[[ DATA FOR ANALYSIS open ]]

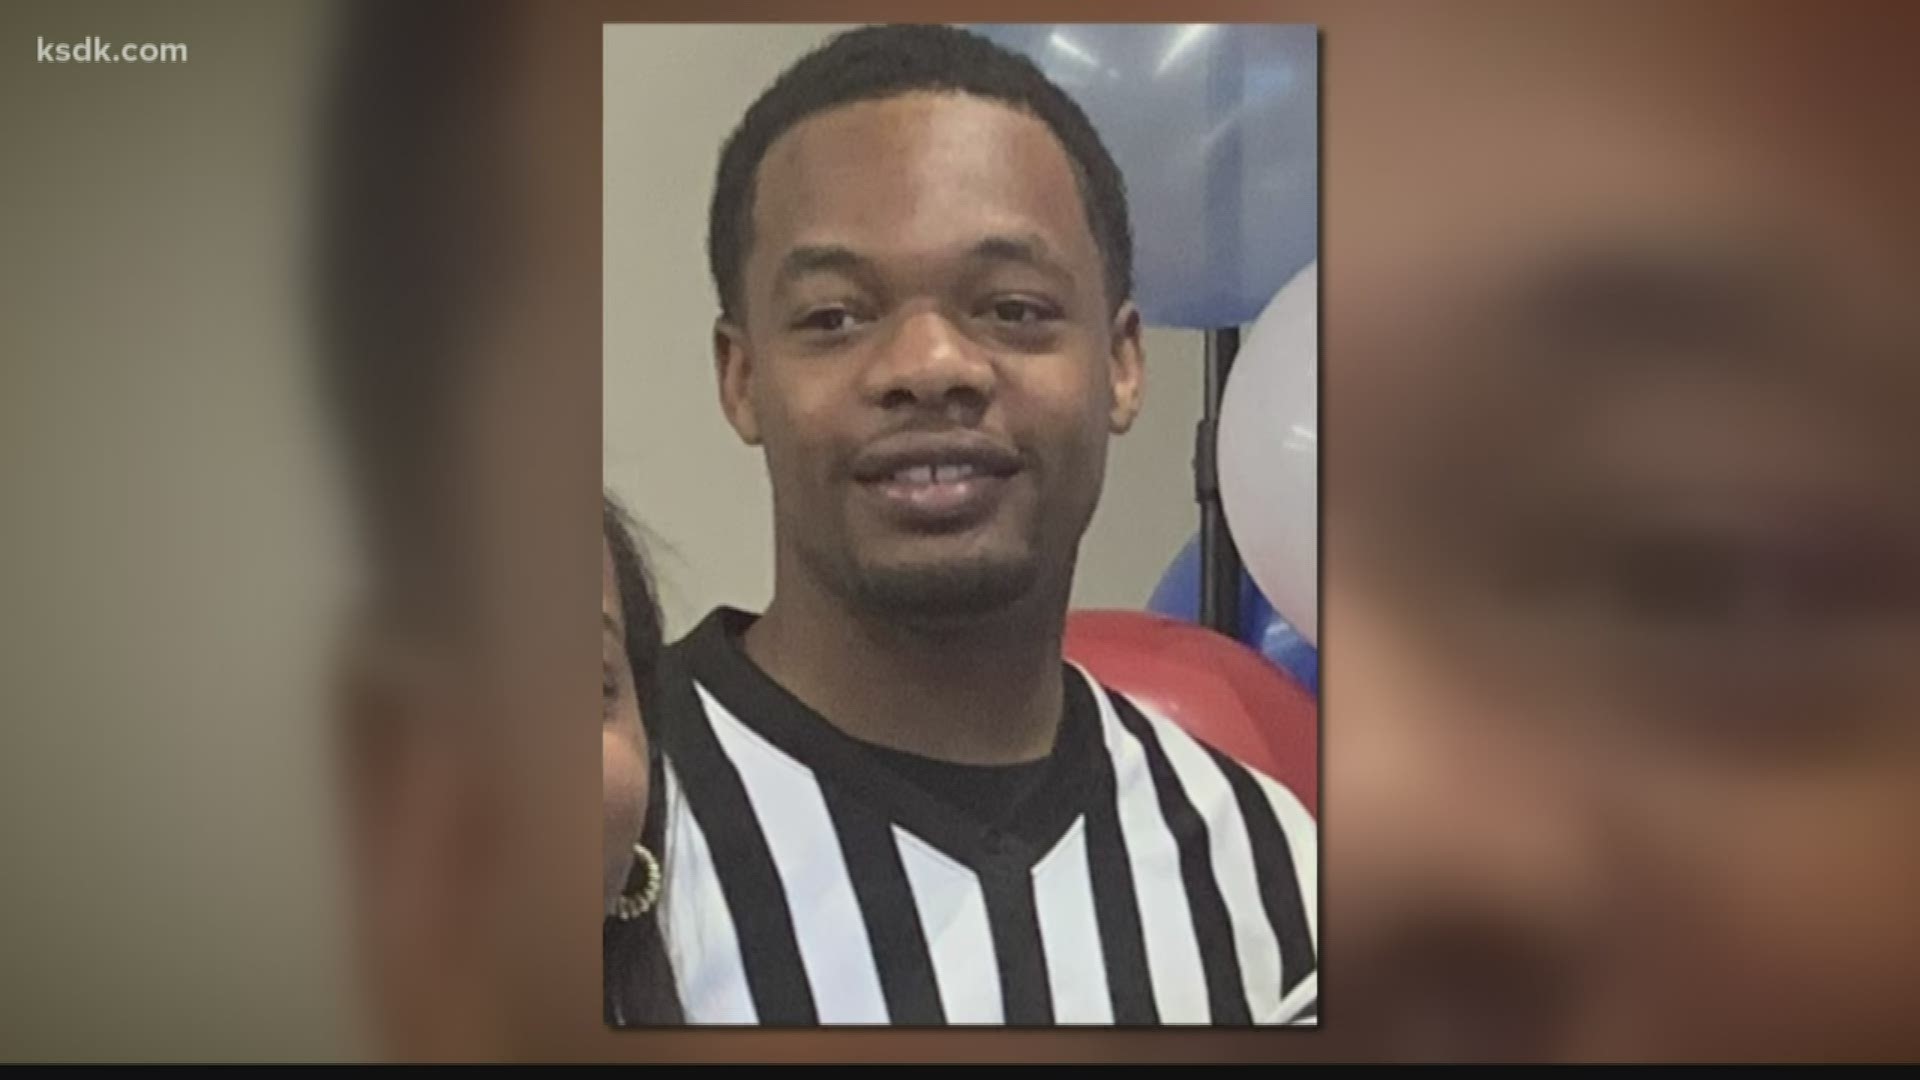 Cortez Bufford was shot and killed by an officer Thursday after police say Bufford pulled out a gun and refused to drop it
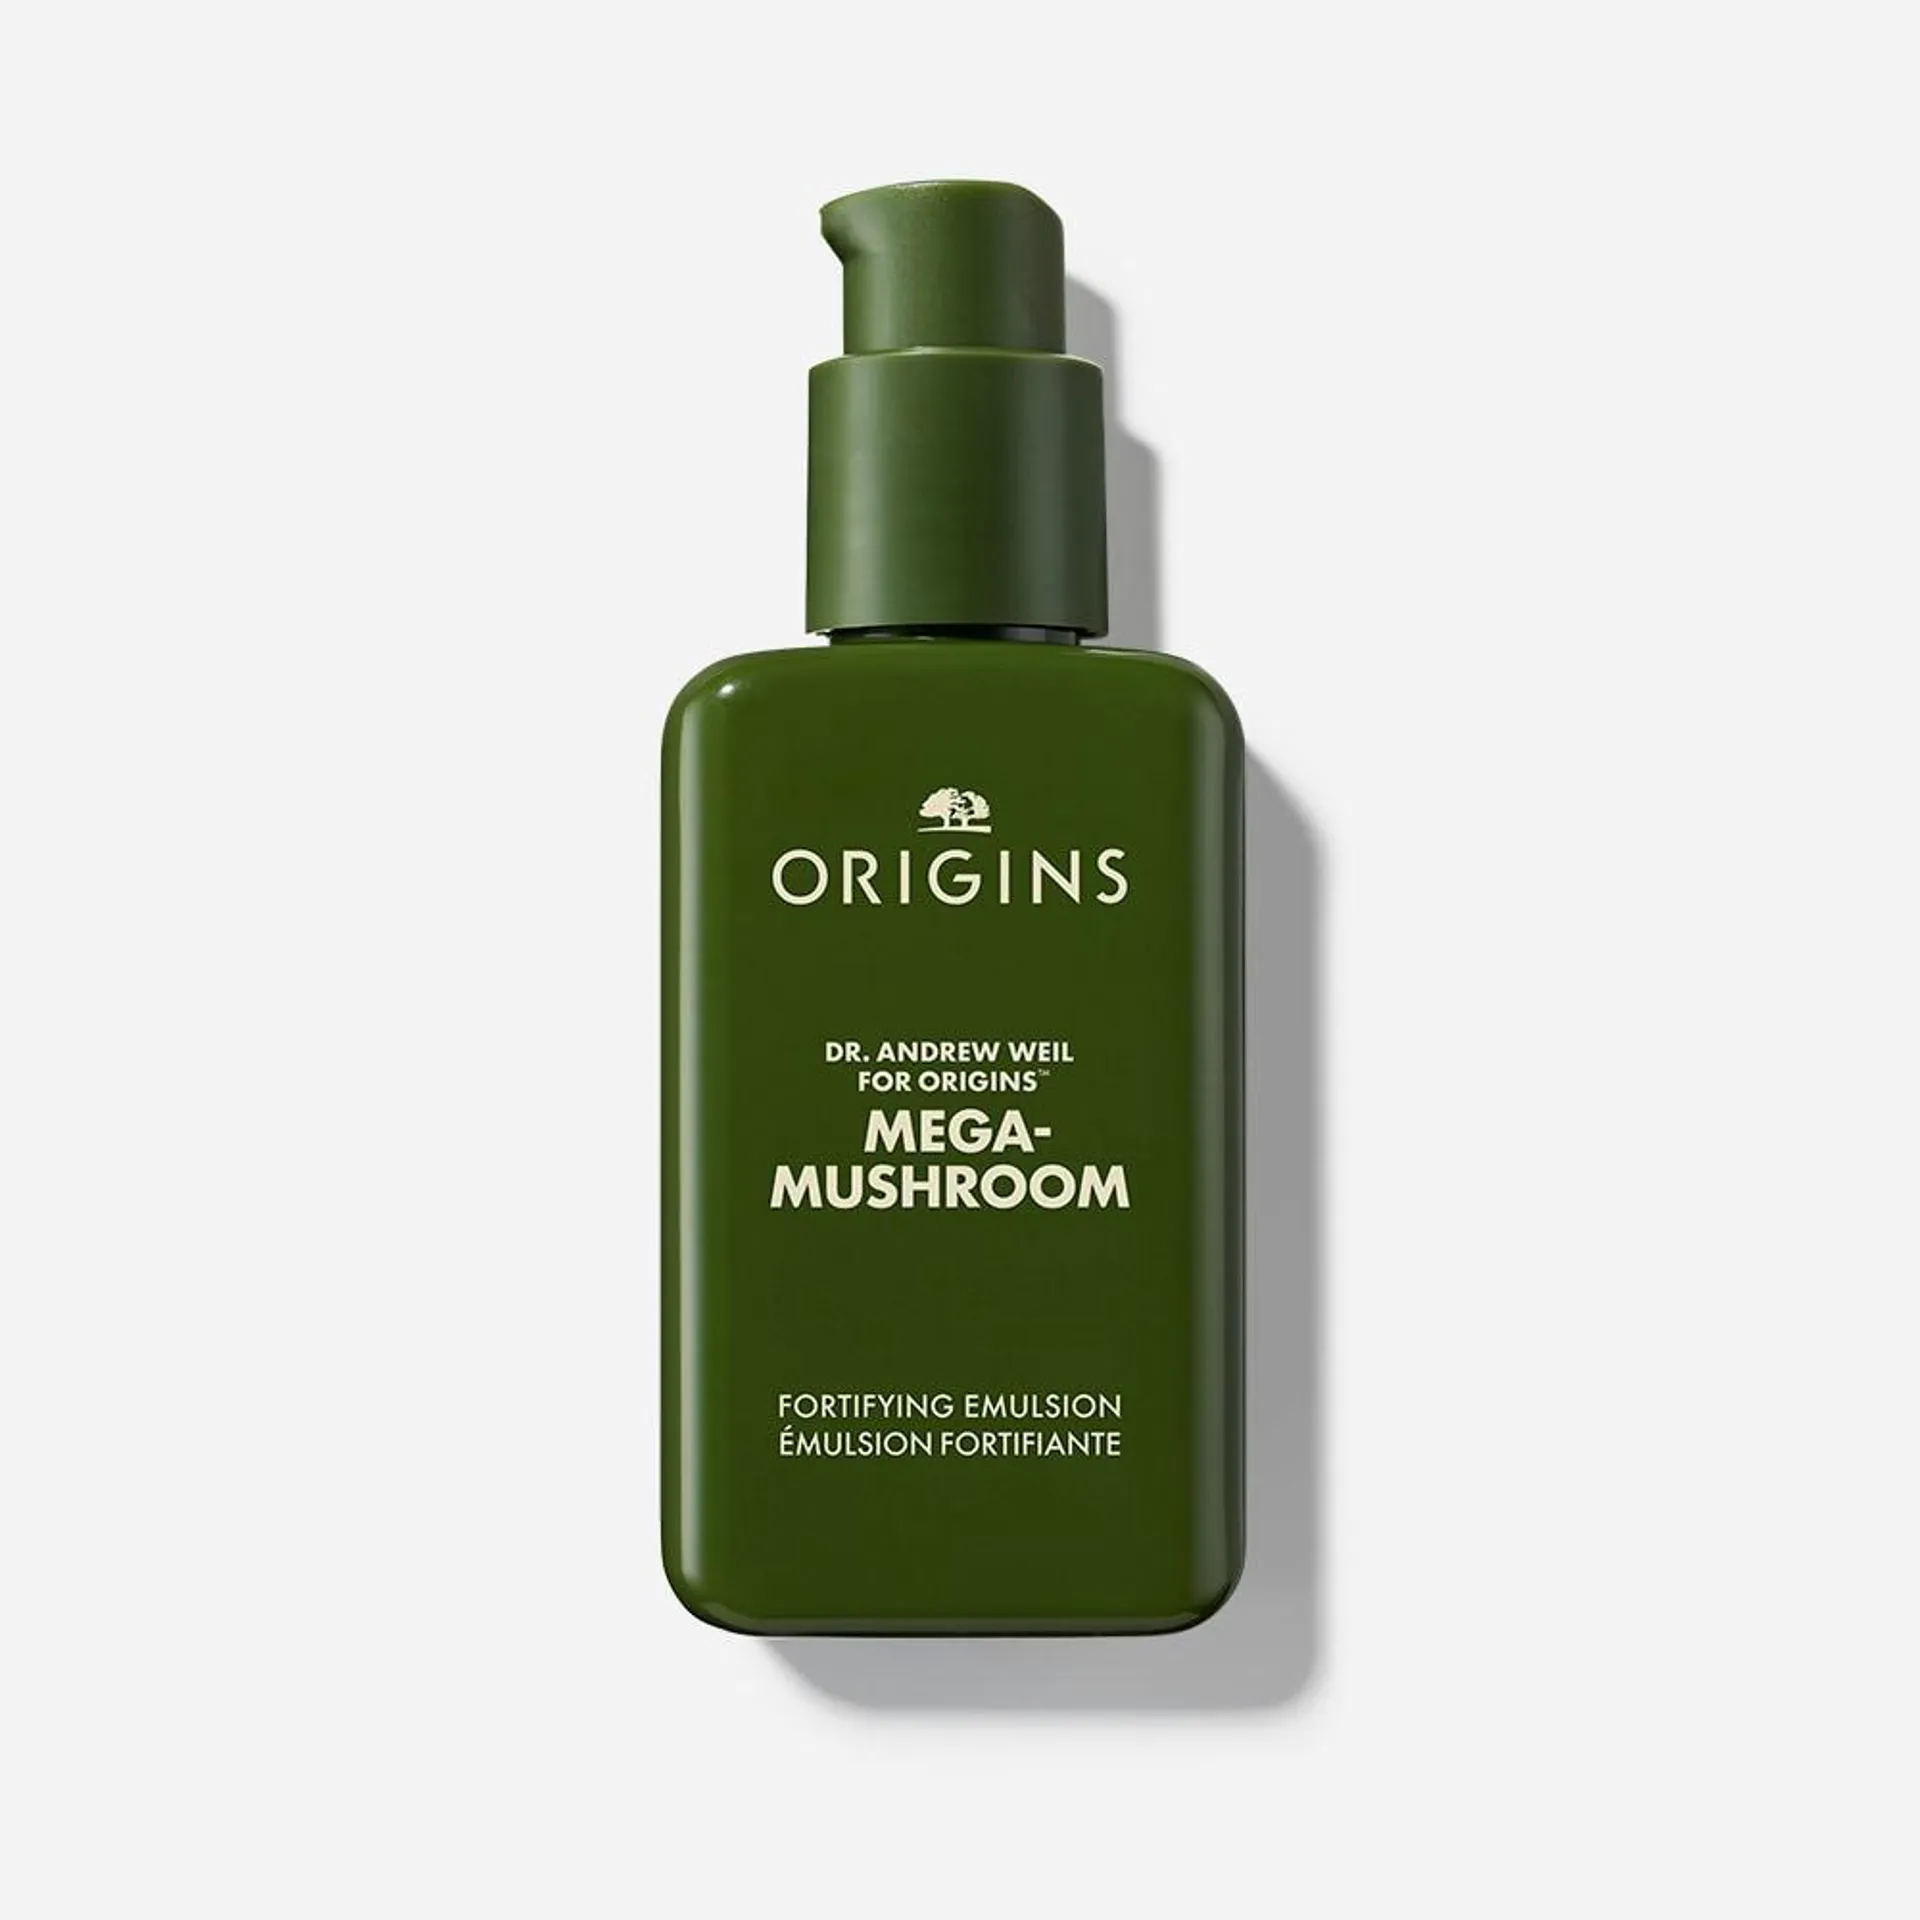 Dr. Andrew Weil for Origins™ Mega-Mushroom Relief & Resilience Fortifying Emulsion
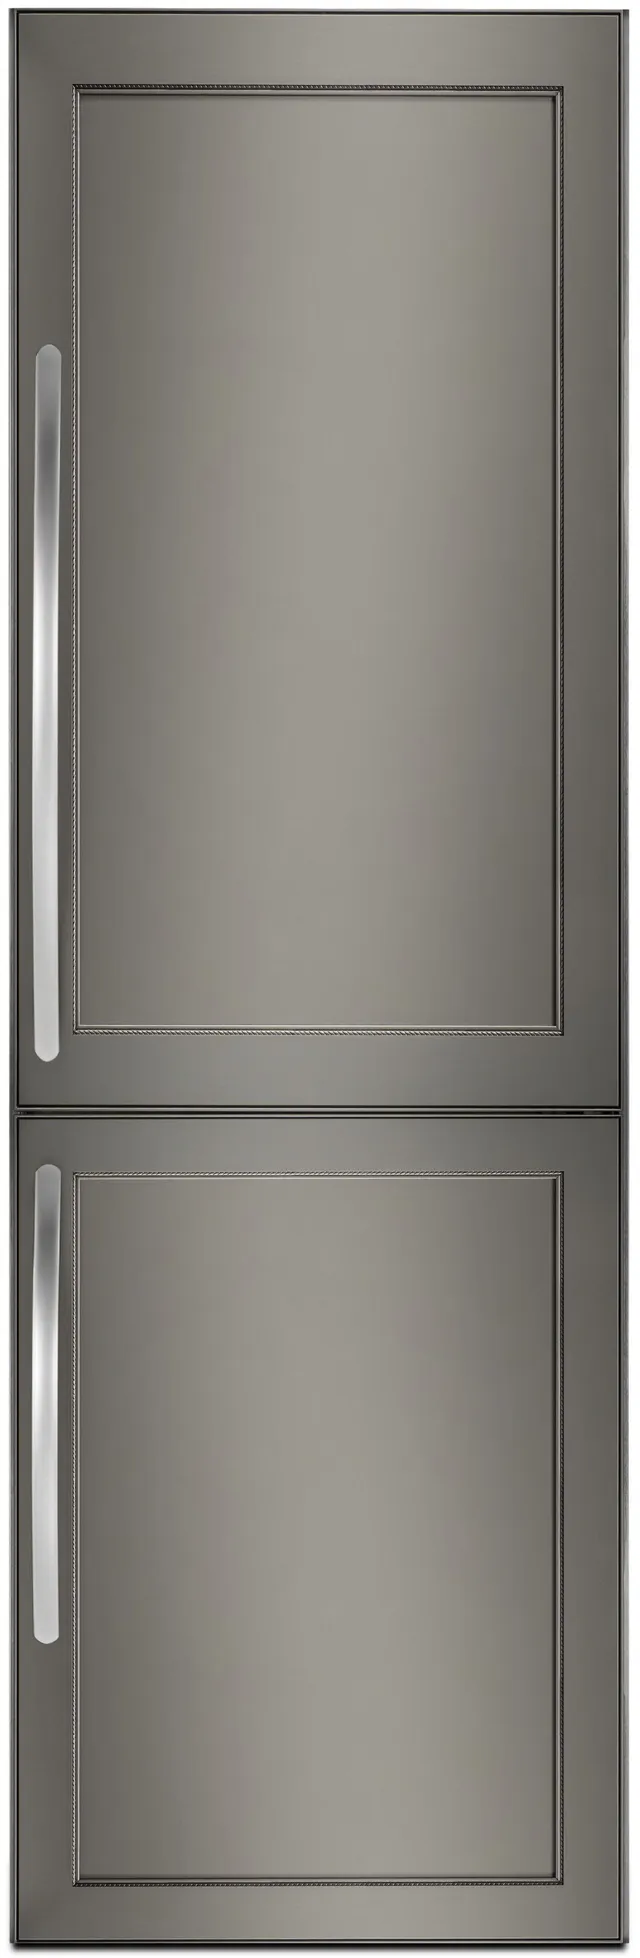 Front view of the KitchenAid KBBX104EPA built-in bottom mount refrigerator 
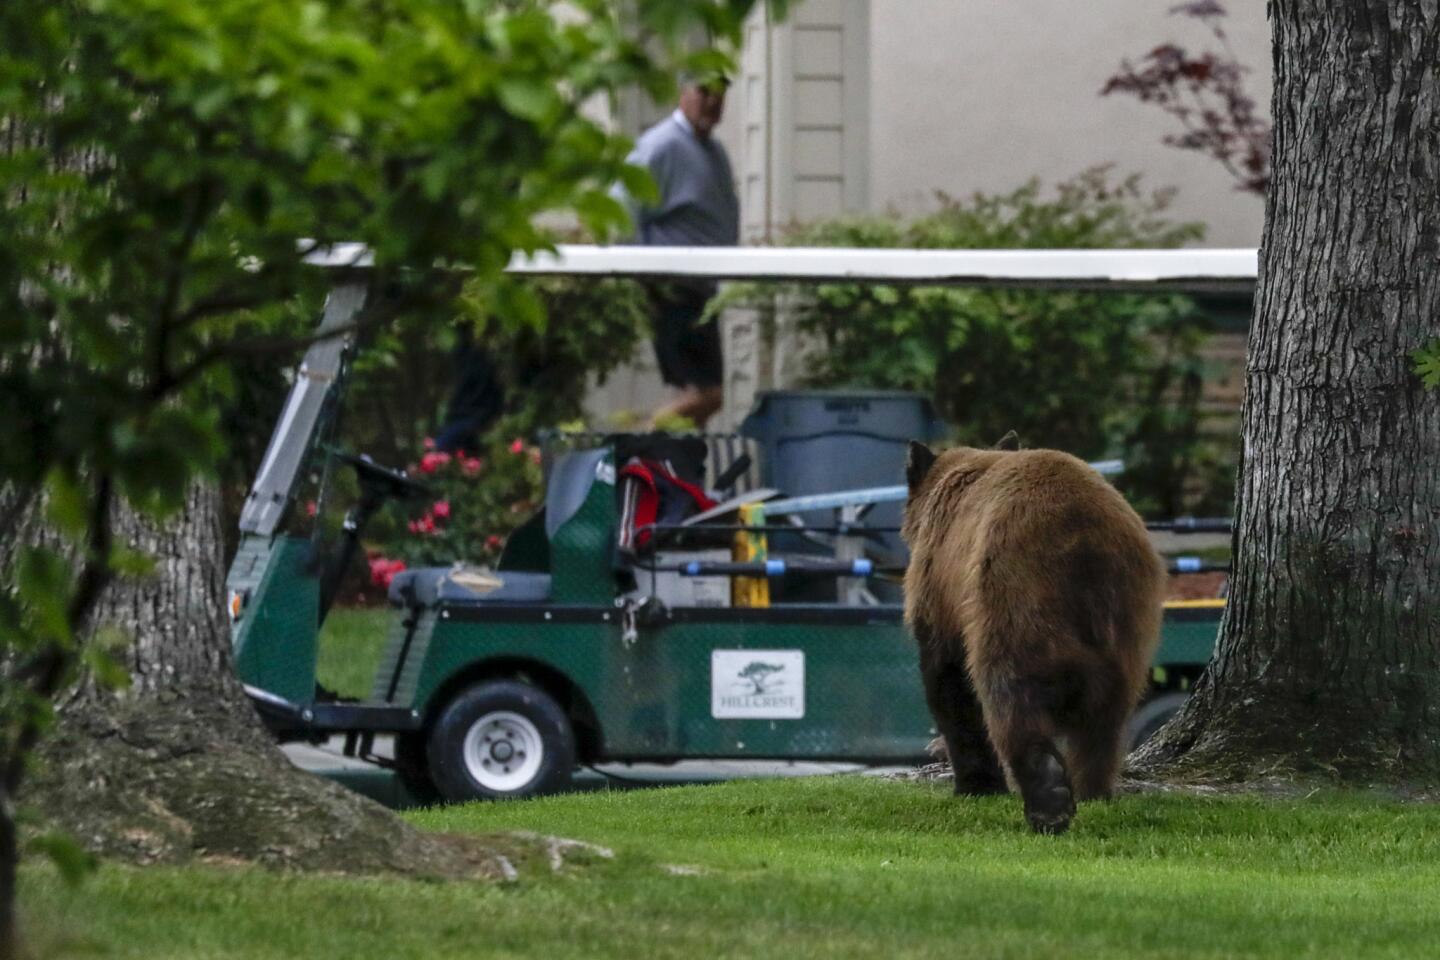 A bear wanders into the Hillcrest retirement community in La Verne.
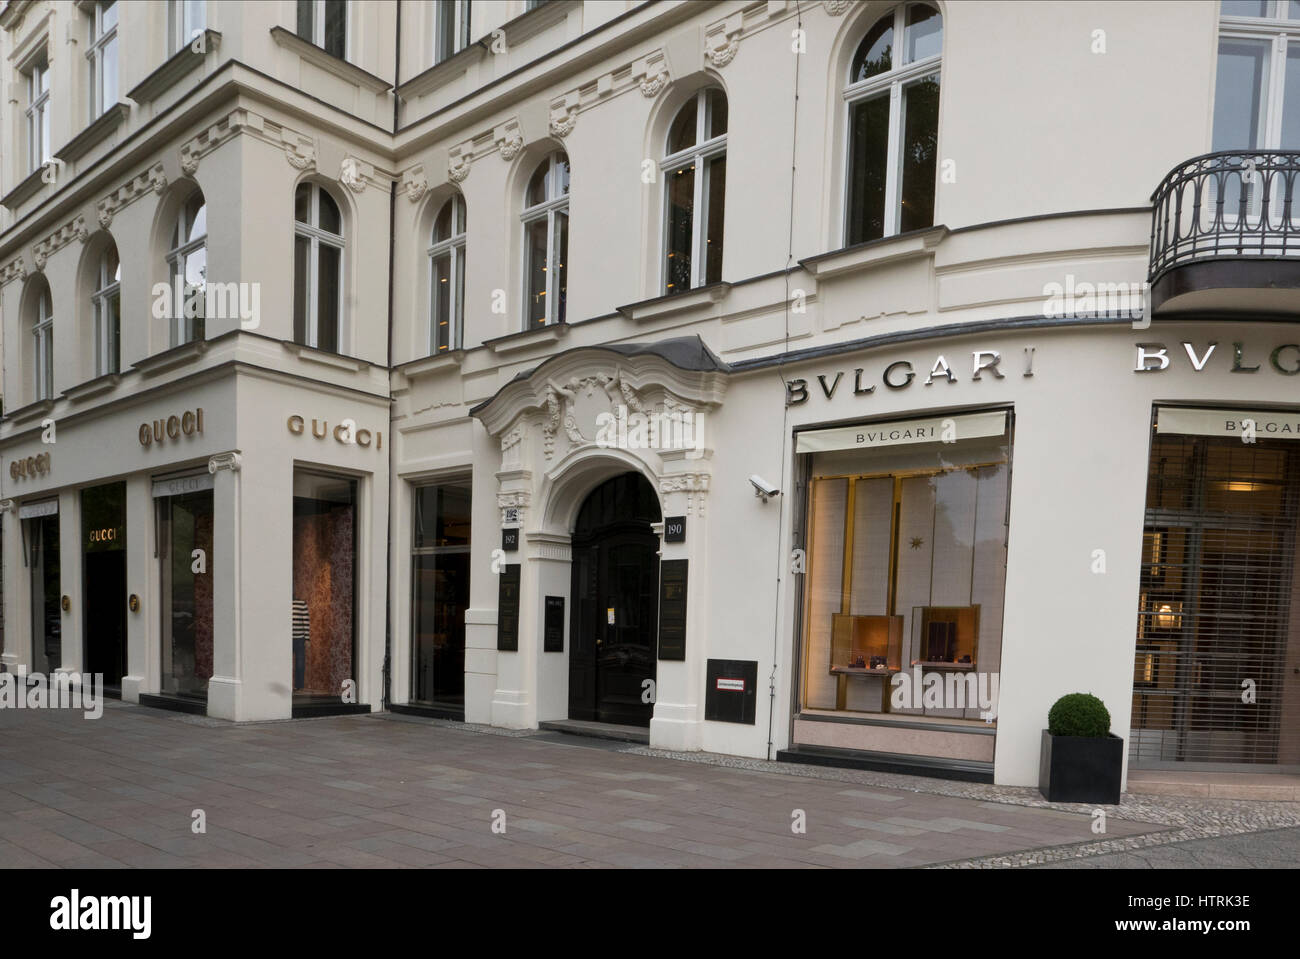 The exterior of a luxurious Gucci shop, Berlin, Germany Stock Photo - Alamy

[[ DATA FOR ANALYSIS closed ]]

Since pictures are not part of the copy, set down only the remaining data exactly.

 Cortez Bufford was shot and killed by an officer Thursday after police say Bufford pulled out a gun and refused to drop it
 Dr. Andrew Weil for Origins™ Mega-Mushroom Relief & Resilience Fortifying Emulsion
 Front view of the KitchenAid KBBX104EPA built-in bottom mount refrigerator 
 A bear wanders into the Hillcrest retirement community in La Verne.
 The exterior of a luxurious Gucci shop, Berlin, Germany Stock Photo - Alamy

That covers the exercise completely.